Task goal – Look through the records below for the line holding "magnolia-wreath-diy-step-by-step, magnolia-wreath-diy, magnolia". Write it out exactly, with each following line through the line holding "Franklin Mint Corvette".

Information supplied –
-- Opening Marker --
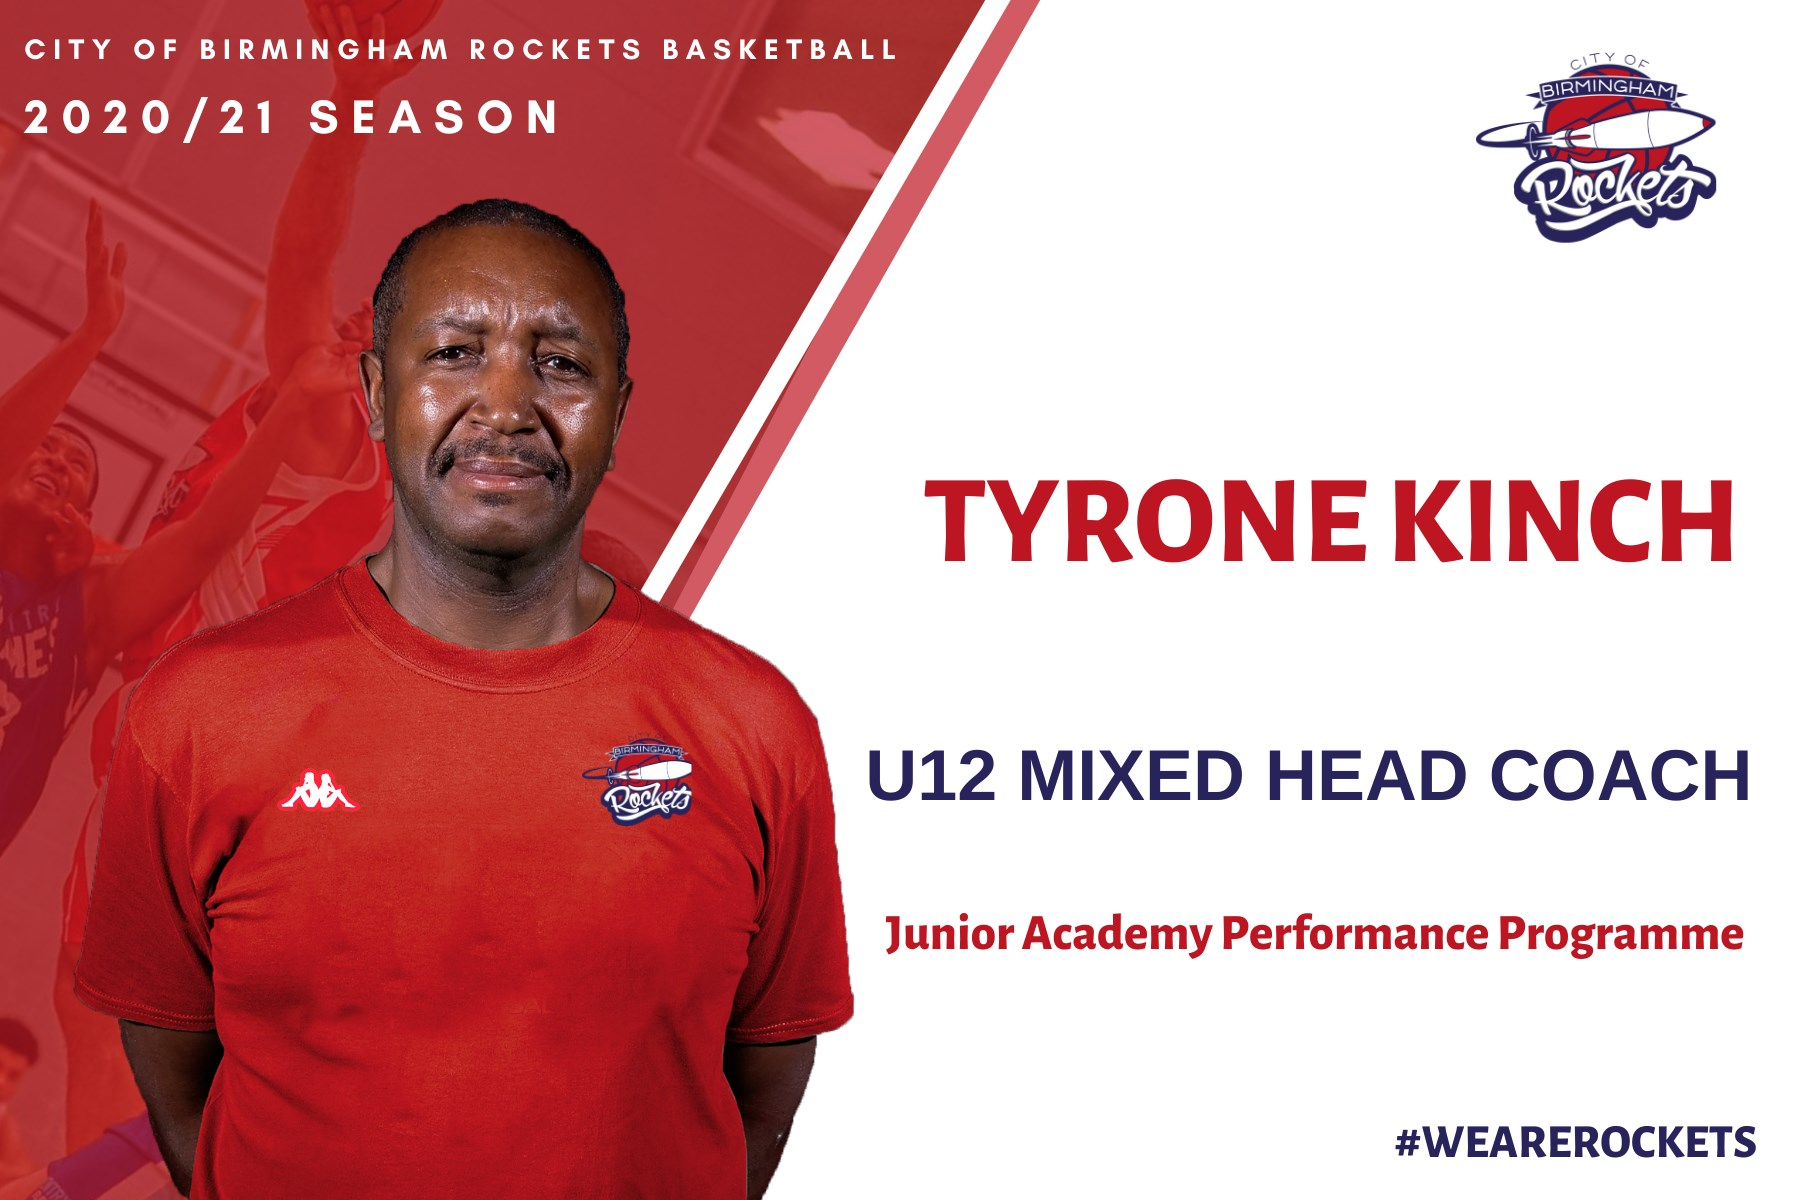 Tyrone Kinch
-- Closing Marker --
-- Opening Marker --
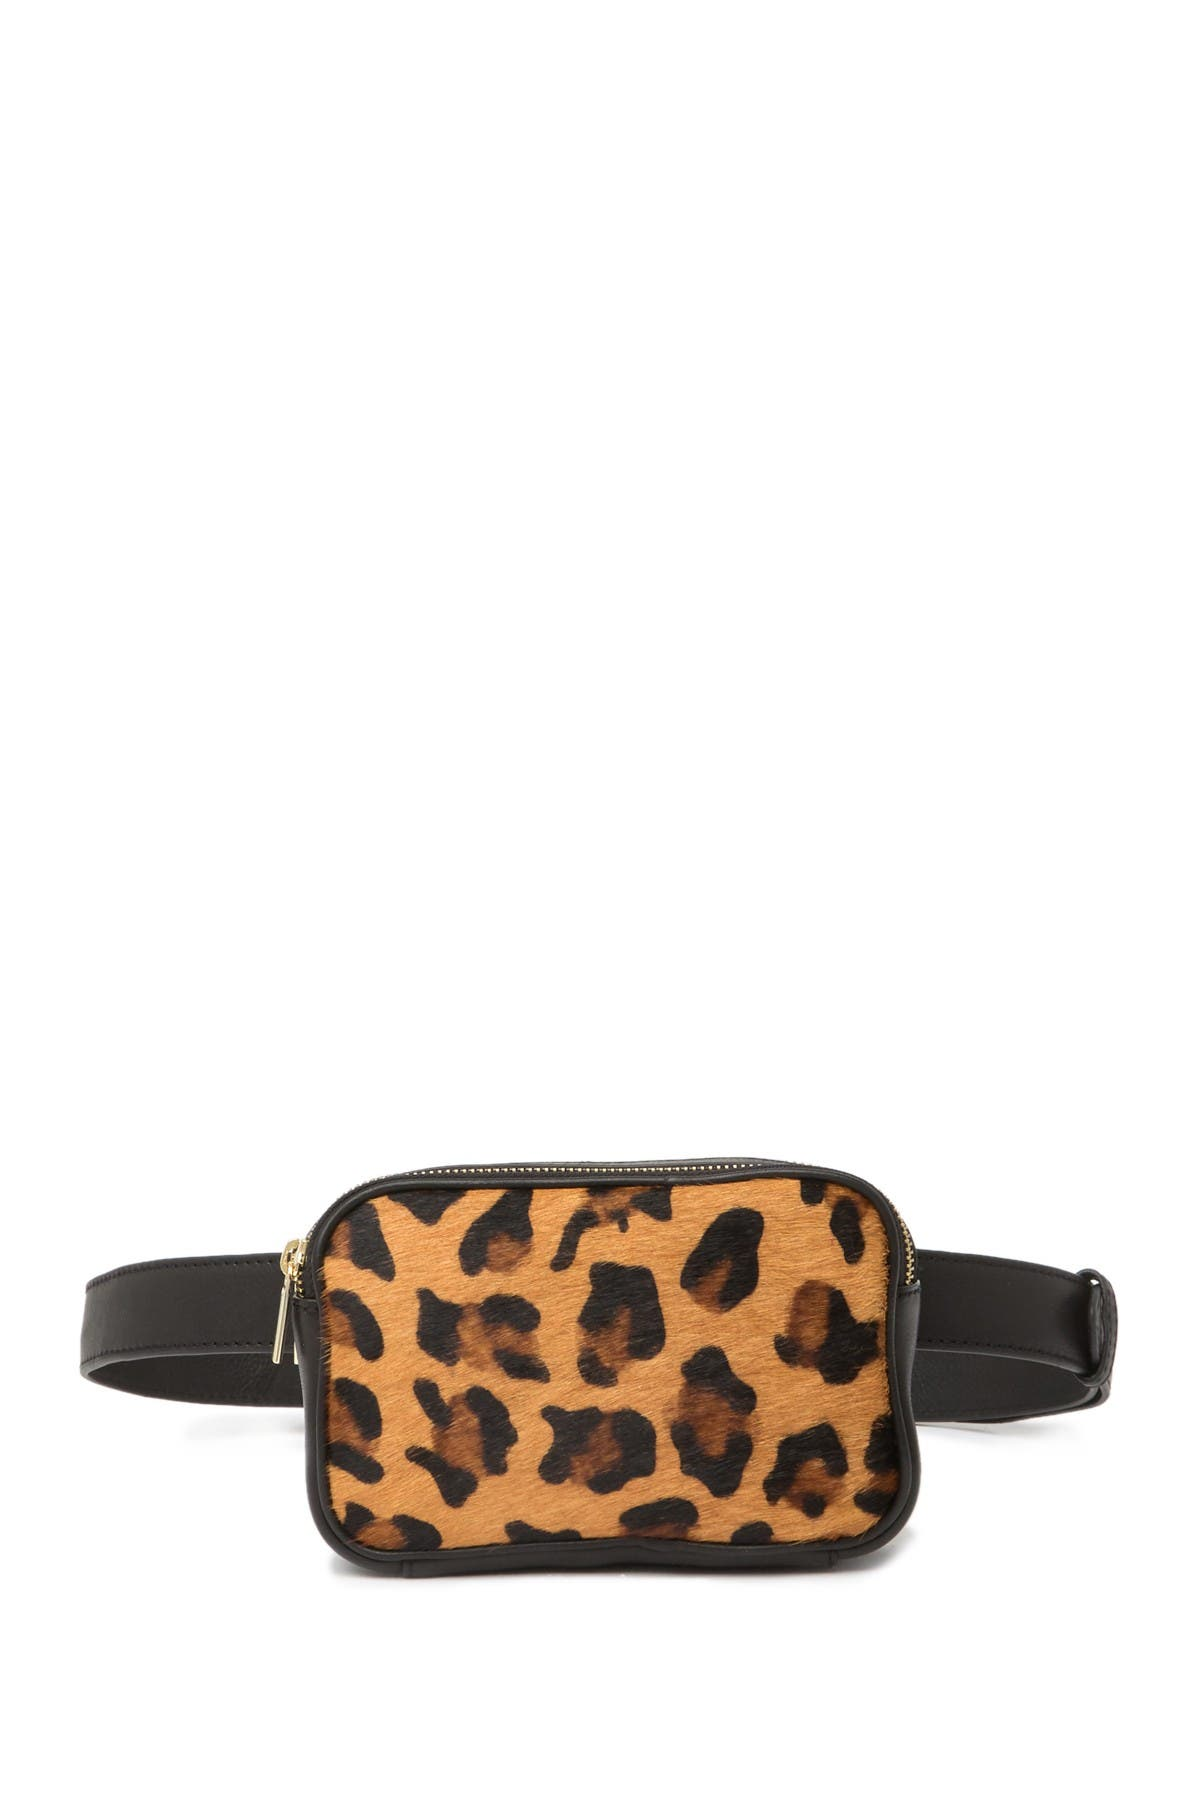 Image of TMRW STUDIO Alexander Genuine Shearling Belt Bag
-- Closing Marker --
-- Opening Marker --
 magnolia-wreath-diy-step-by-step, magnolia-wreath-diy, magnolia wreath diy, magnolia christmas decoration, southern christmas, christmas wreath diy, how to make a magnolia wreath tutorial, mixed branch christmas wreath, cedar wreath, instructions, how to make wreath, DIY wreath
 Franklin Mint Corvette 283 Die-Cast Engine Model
-- Closing Marker --
Exercise solution –
 magnolia-wreath-diy-step-by-step, magnolia-wreath-diy, magnolia wreath diy, magnolia christmas decoration, southern christmas, christmas wreath diy, how to make a magnolia wreath tutorial, mixed branch christmas wreath, cedar wreath, instructions, how to make wreath, DIY wreath
 Franklin Mint Corvette 283 Die-Cast Engine Model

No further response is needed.